In one or more embodiments, the modified inner surface portion may have one or more surface characteristics to steer foreign body response toward healing. The one or more surface characteristics may support adsorption of pro-healing cytokines (e.g., IL-10, IL4, and IL13), growth factors (e.g., PDGF, VEGF, and TGF), and/or tissue remodeling inhibitors (TIMPs).

Plasma treatment may also modify the stiffness of the implant material. The modifications may depend on the type of material of the implant and the specific plasma treatment parameters used. A thermal barrier coating may be treated with plasma to reduce macroscopic stiffness, which may enhance stability by limiting stresses from differential thermal contraction. Plasma treatment may also be used to functionalize the surface of the implant with immobilized antibodies, small proteins, peptides, aptamers, oligosaccharides, and enzymes.

While embodiments herein have been described with respect to a single type of plasma treatment (e.g., scaling in FIG. 2, anti-thrombogenic in FIG. 4, and thrombogenic in FIG. 5), a single stent graft may have any combination of any of the treatments disclosed herein. For example, a stent graft may have a plasma treatment to enhance outer surface sealing at the proximal end and/or at distal ends and also have a different plasma treatment on an interior surface to enhance endothelization or reduce thrombogenicity on an interior surface. In another example, a stent graft may have the above treatments and also a third plasma treatment on the outer surface of the stent graft within the aneurysm sac to increase thrombogenicity to reduce Type 2 endoleaks and promote sac regression. Other combinations are also contemplated herein.

While exemplary embodiments are described above, it is not intended that these embodiments describe all possible forms encompassed by the claims. The words used in the specification are words of description rather than limitation, and it is understood that various changes can be made without departing from the spirit and scope of the disclosure. As previously described, the features of various embodiments can be combined to form further embodiments of the invention that may not be explicitly described or illustrated. While various embodiments could have been described as providing advantages or being preferred over other embodiments or prior art implementations with respect to one or more desired characteristics, those of ordinary skill in the art recognize that one or more features or characteristics can be compromised to achieve desired overall system attributes, which depend on the specific application and implementation.
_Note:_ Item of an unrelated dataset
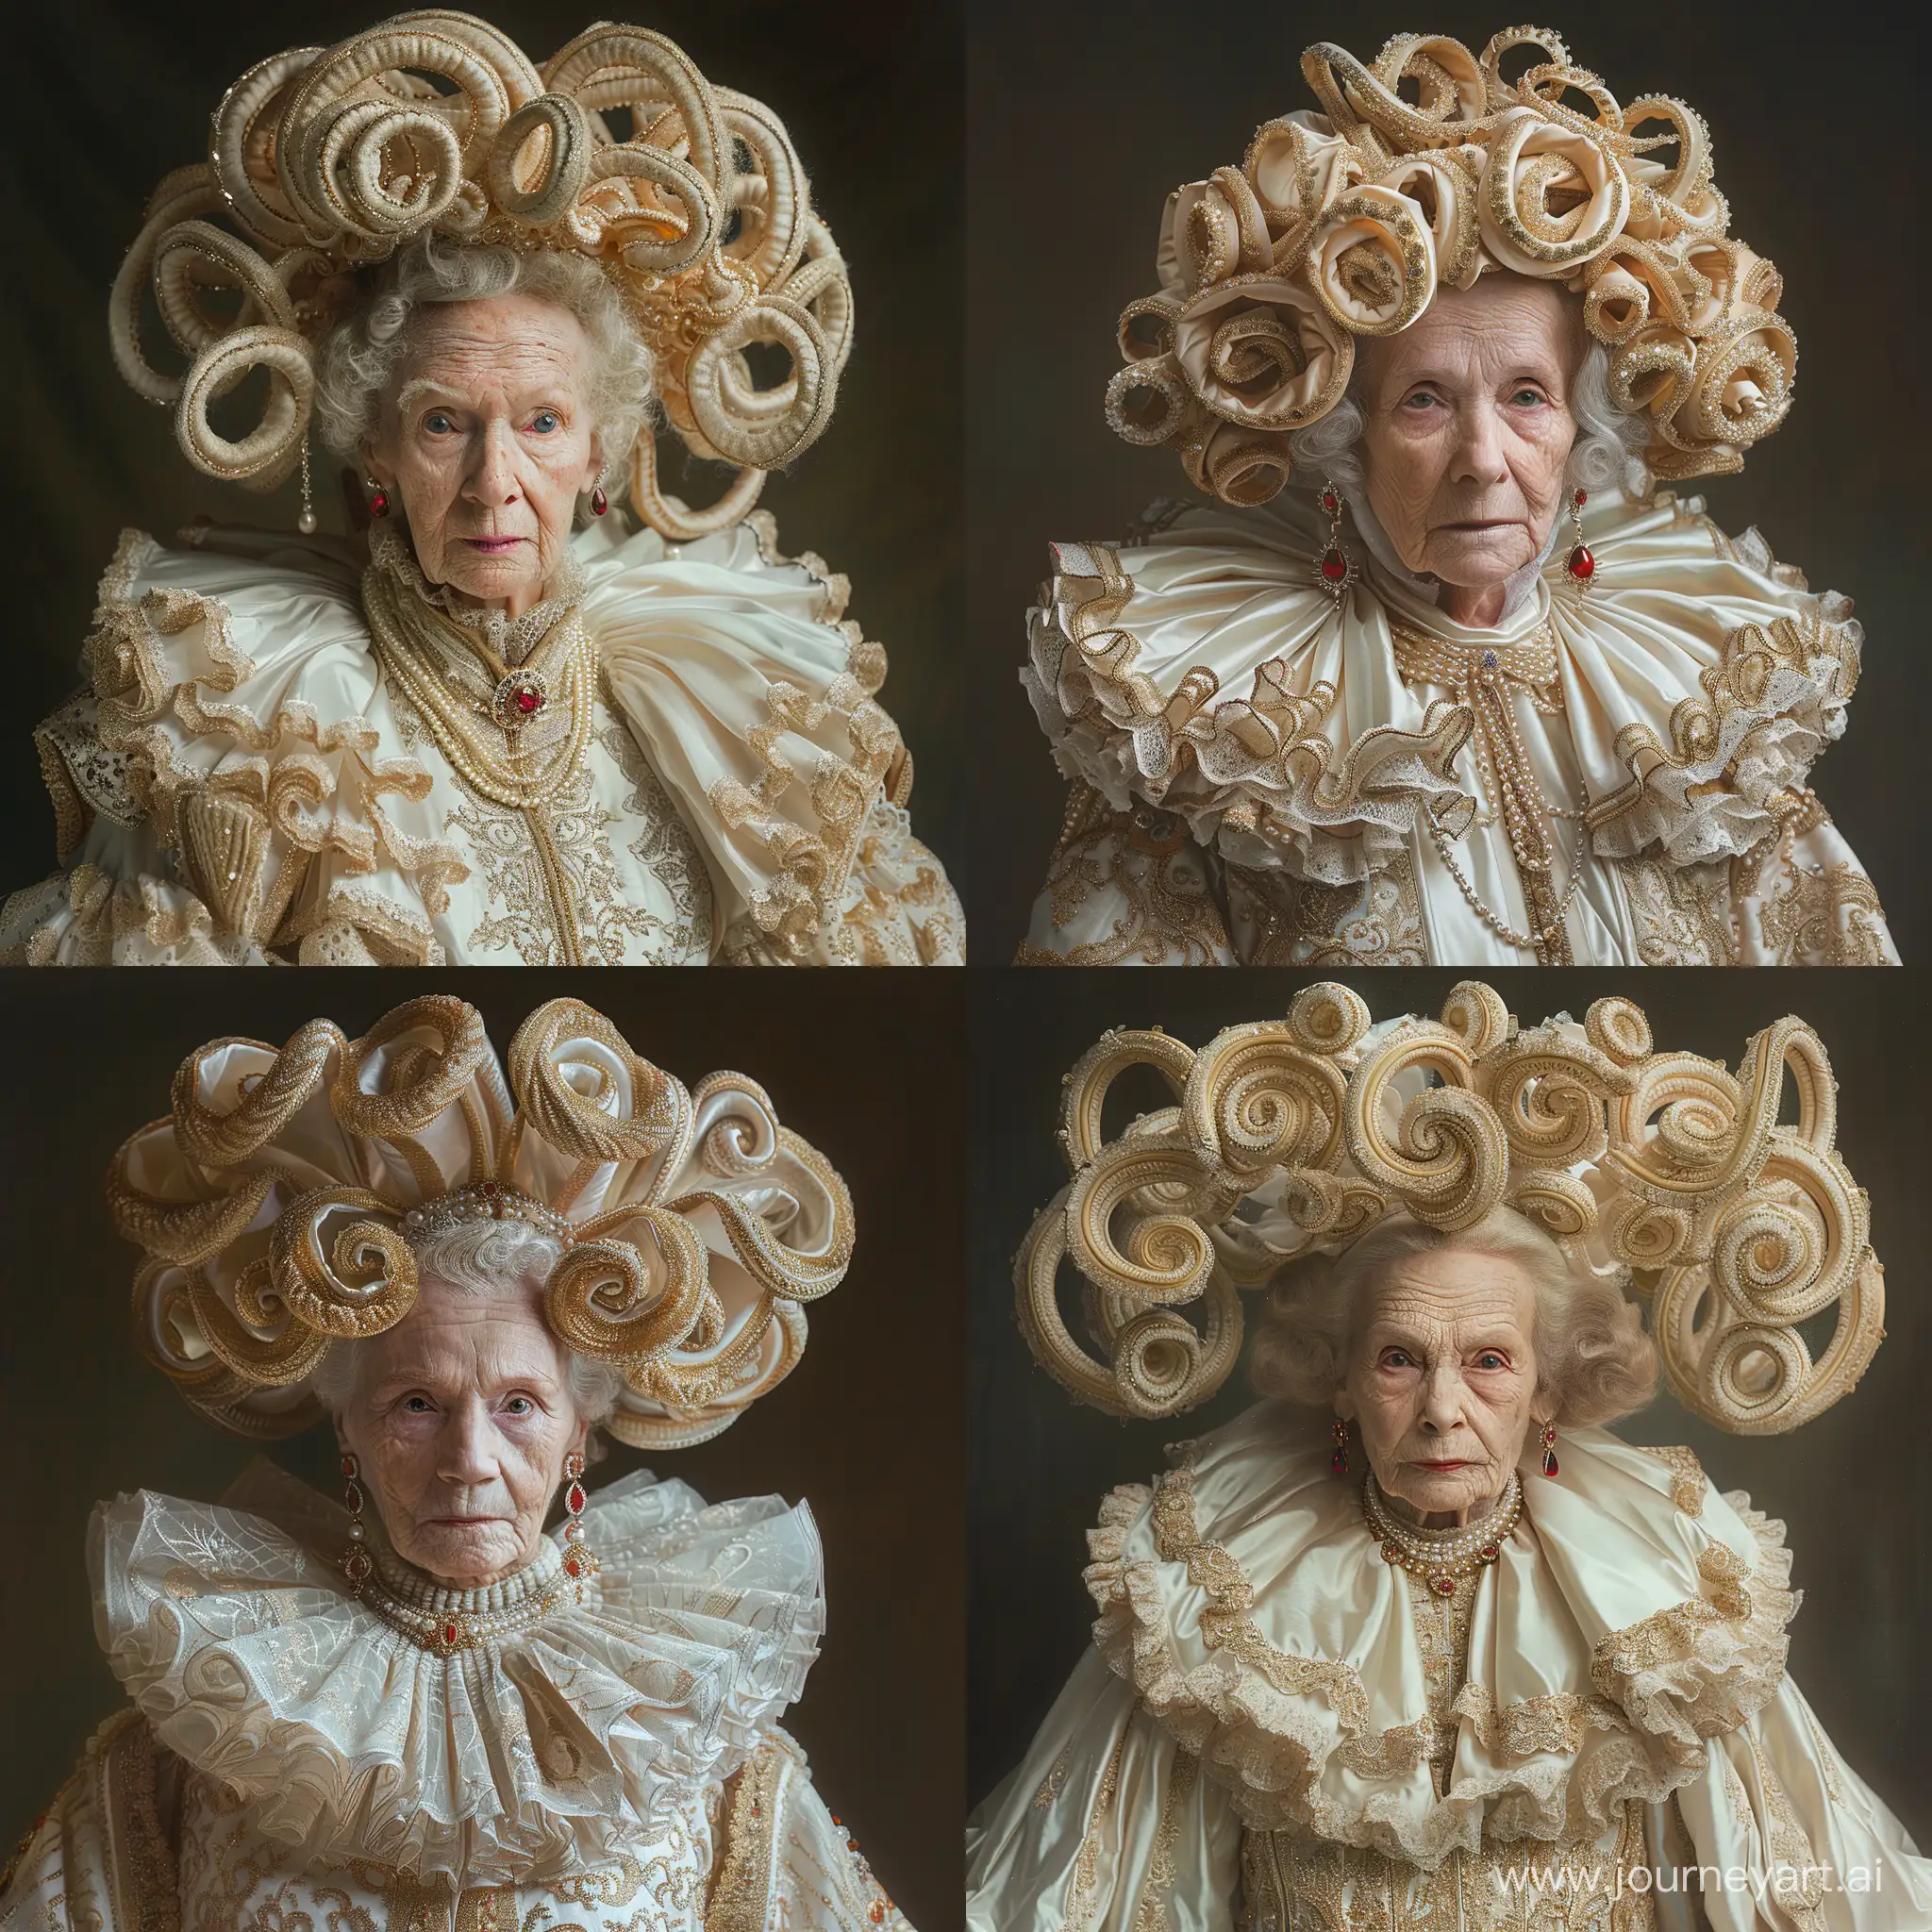 painting a old woman dressed in an elaborate and ornate costume reminiscent of European aristocracy or royalty from a historical period, possibly the Renaissance or Victorian era. The attire includes a high-collared ruffled garment adorned with lace and golden embroidery. The person is wearing a large, ornate headdress made of what looks like white satin, with many loops and twists creating a voluminous structure atop their head. These loops are additionally decorated with pearls and what appears to be a jeweled brooch, giving off an impression of opulence.

The individual has fair skin and is gazing directly at the viewer with a serious and somewhat intense expression. Their hair is styled in tight golden curls which complement the headdress. Jewelry is prominent; they wear large, dangling earrings with red gems and a necklace that drapes around the neck, adding to the regal appearance. The overall styling and attire suggest a deliberate portrayal of a historical figure or a conceptual representation of nobility, rather than an actual current-day fashion statement. The dark background contrasts sharply with the light and detailed costume, bringing the viewer's focus to the person and their attire --style raw --stylize 750 --v 6

These attributes can include, but are not limited to cost, strength, durability, life cycle cost, marketability, appearance, packaging, size, serviceability, weight, manufacturability, case of assembly, etc. As such, to the extent any embodiments are described as less desirable than other embodiments or prior art implementations with respect to one or more characteristics, these embodiments are not outside the scope of the disclosure and can be desirable for particular applications.